• YOUR OBJECTIVE: As the answer, set down the lines below from the one containing "Interno moderno bagno" through the one containing "1 Stk Sicherungstrennschalter", exactly and inclusively, and no others.
** ENTRIES SUPPLIED follows **
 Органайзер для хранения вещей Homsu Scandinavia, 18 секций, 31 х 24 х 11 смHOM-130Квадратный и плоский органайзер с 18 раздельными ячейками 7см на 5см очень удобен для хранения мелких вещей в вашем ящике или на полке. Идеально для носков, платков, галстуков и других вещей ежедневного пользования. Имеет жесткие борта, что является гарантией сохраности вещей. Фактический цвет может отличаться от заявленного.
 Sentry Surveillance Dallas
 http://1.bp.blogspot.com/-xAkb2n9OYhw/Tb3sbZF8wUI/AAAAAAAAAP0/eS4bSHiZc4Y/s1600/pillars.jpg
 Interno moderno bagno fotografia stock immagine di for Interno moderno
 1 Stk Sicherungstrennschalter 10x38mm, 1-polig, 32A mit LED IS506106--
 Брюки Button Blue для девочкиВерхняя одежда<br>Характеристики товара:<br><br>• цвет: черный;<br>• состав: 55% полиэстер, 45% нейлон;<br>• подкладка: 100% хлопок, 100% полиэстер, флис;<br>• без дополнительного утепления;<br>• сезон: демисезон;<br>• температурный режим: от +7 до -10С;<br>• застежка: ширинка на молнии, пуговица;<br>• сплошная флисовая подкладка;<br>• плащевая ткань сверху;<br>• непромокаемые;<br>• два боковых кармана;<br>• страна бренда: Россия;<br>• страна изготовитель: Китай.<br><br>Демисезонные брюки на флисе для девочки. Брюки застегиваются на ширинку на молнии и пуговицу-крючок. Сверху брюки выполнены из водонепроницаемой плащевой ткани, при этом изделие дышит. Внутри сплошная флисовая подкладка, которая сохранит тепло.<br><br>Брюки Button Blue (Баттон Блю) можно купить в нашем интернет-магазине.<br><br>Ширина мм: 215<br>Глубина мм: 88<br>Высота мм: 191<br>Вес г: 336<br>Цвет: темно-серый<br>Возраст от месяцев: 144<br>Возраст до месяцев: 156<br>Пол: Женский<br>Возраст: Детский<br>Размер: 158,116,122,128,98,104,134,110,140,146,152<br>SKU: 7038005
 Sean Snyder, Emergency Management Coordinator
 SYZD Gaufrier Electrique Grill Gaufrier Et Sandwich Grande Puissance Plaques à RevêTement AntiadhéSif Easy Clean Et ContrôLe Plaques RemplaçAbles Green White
** End of ENTRIES SUPPLIED **
• EXERCISE RESPONSE:
 Interno moderno bagno fotografia stock immagine di for Interno moderno
 1 Stk Sicherungstrennschalter 10x38mm, 1-polig, 32A mit LED IS506106--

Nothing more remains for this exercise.